I have been using Lisp programming languages professionally since 1982. Lisp languages are flexible and appropriate for many problems. Some might disagree with me but I find that Haskell has most of the advantages of Lisp with the added benefit of being strongly typed. Both Lisp and Haskell support a style of development using an interactive shell (or “repl”).
What does being a strongly typed language mean? In a practical sense it means that you will often encounter syntax errors caused by type mismatches that you will need to fix before your code will compile (or run in the GHCi shell interpreter). Once your code compiles it will likely work, barring a logic error. The other benefit that you can get is having to write fewer unit tests - at least that is my experience. So, using a strongly typed language is a tradeoff. When I don’t use Haskell I tend to use dynamic languages like Common Lisp or Python.

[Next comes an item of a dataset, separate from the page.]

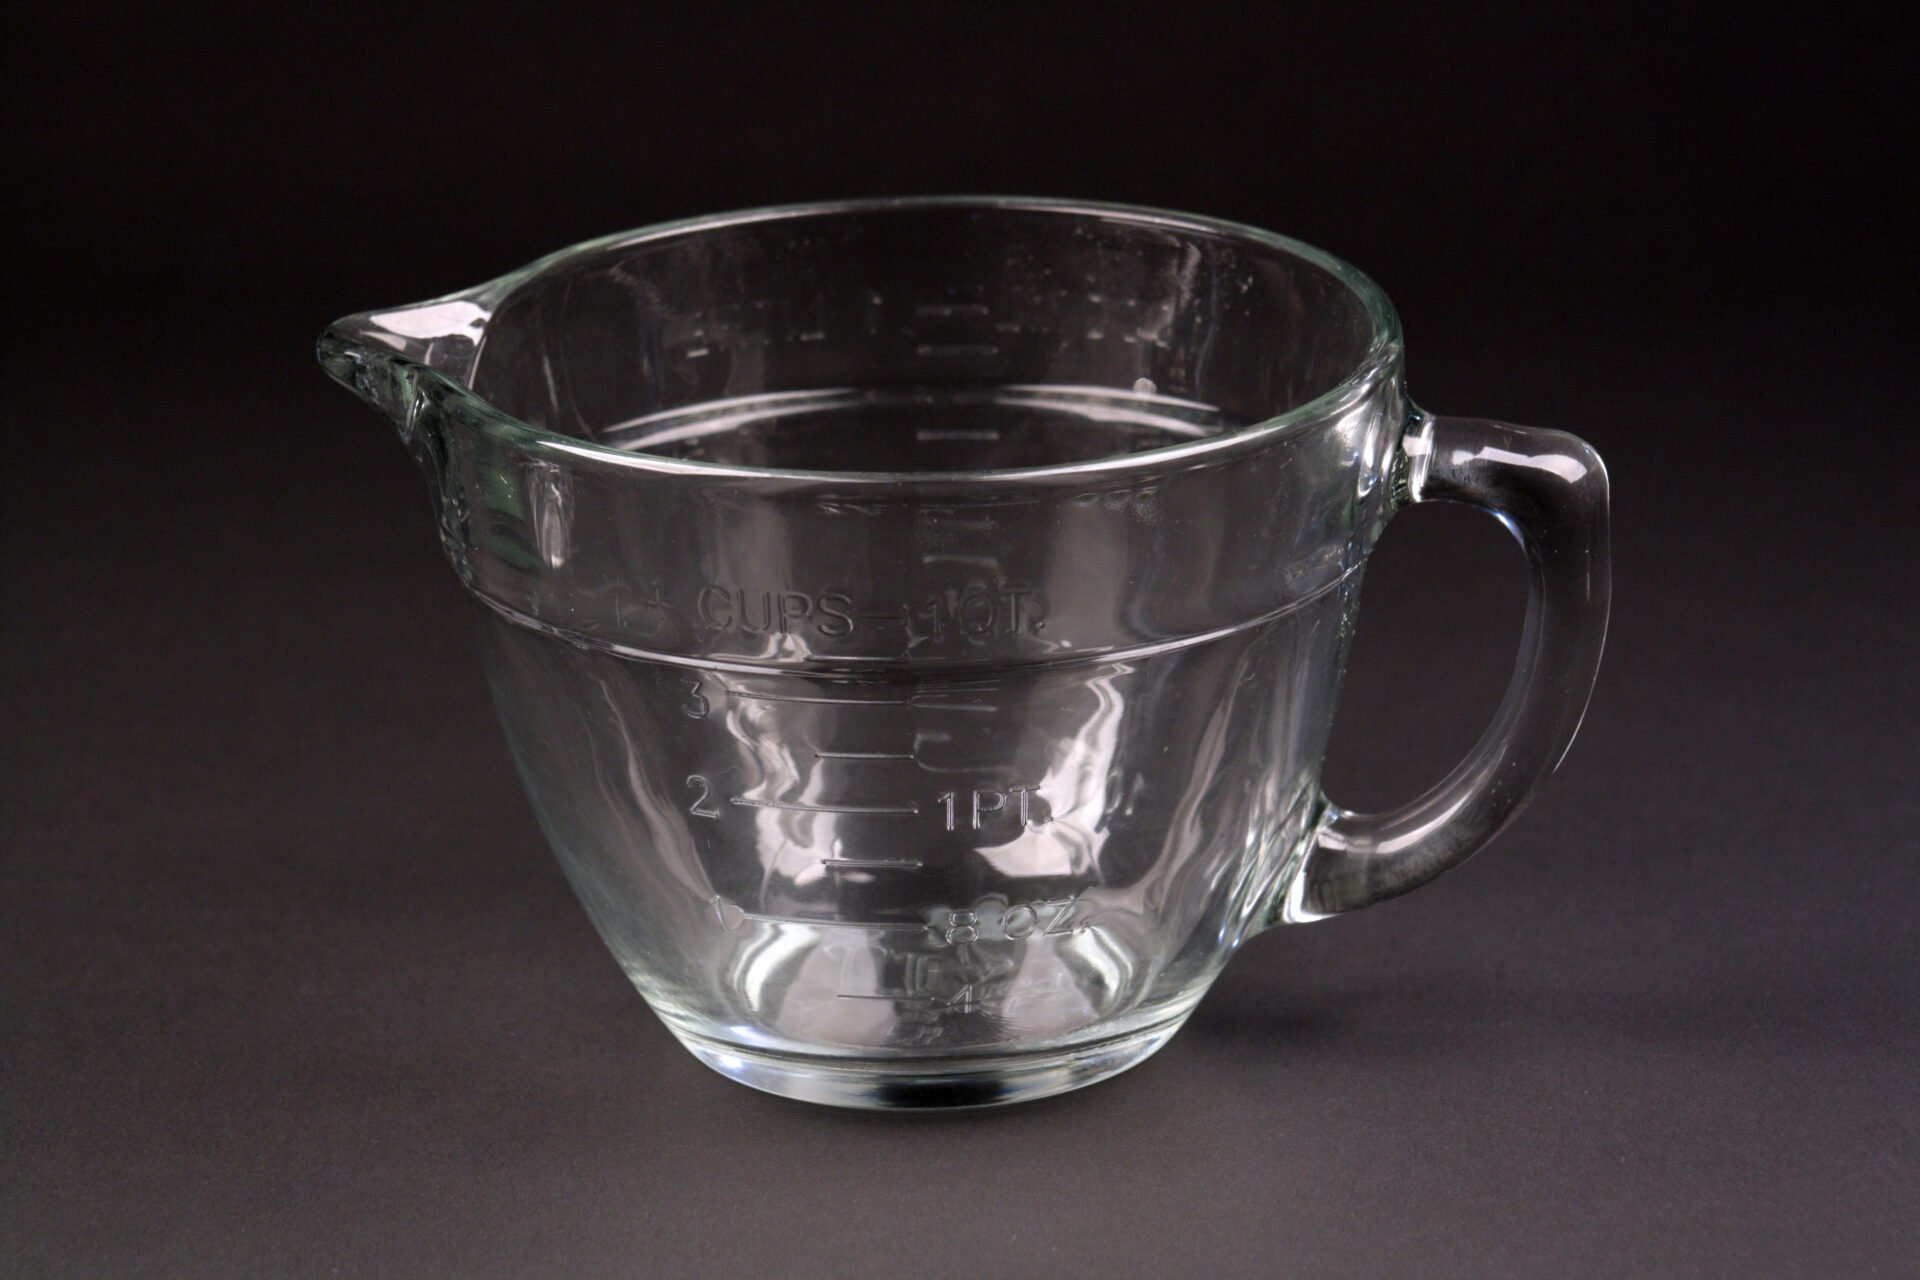 Glass measuring cups tested for lead on dark background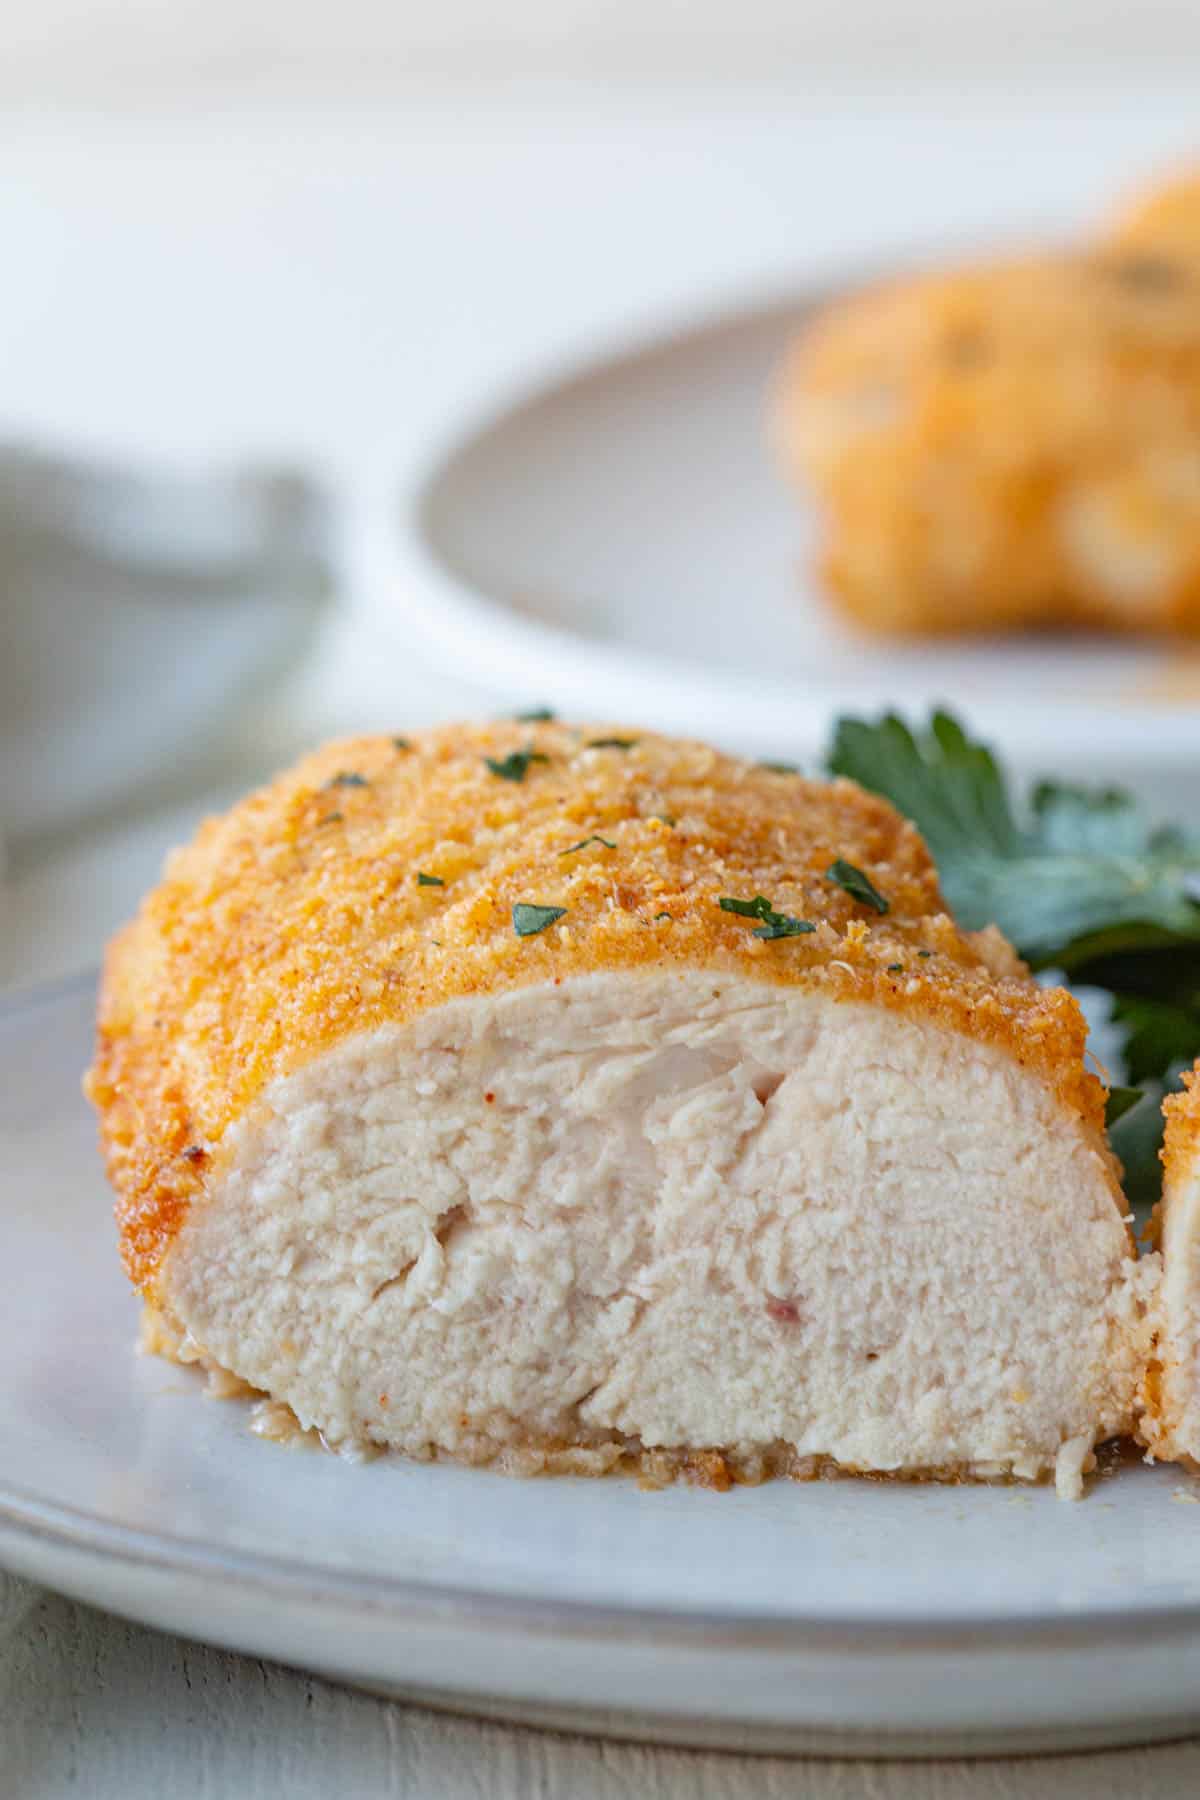 the interior of a baked parmesan chicken breast on a white plate.

Haskell supports type safety, concurrency, and high performance applications.
Enjoy Yourself
I have worked hard to make learning Haskell as easy as possible for you. If you are new to the Haskell programming language then I have something to ask of you, dear reader: please don’t rush through this book, rather take it slow and take time to experiment with the programming examples that most interest you.
Acknowledgements
I would like to thank my wife Carol Watson for editing the manuscript for this book. I would like to thank Roy Marantz, Michel Benard, Daniel Kroni, and David Jameson for reporting an errors.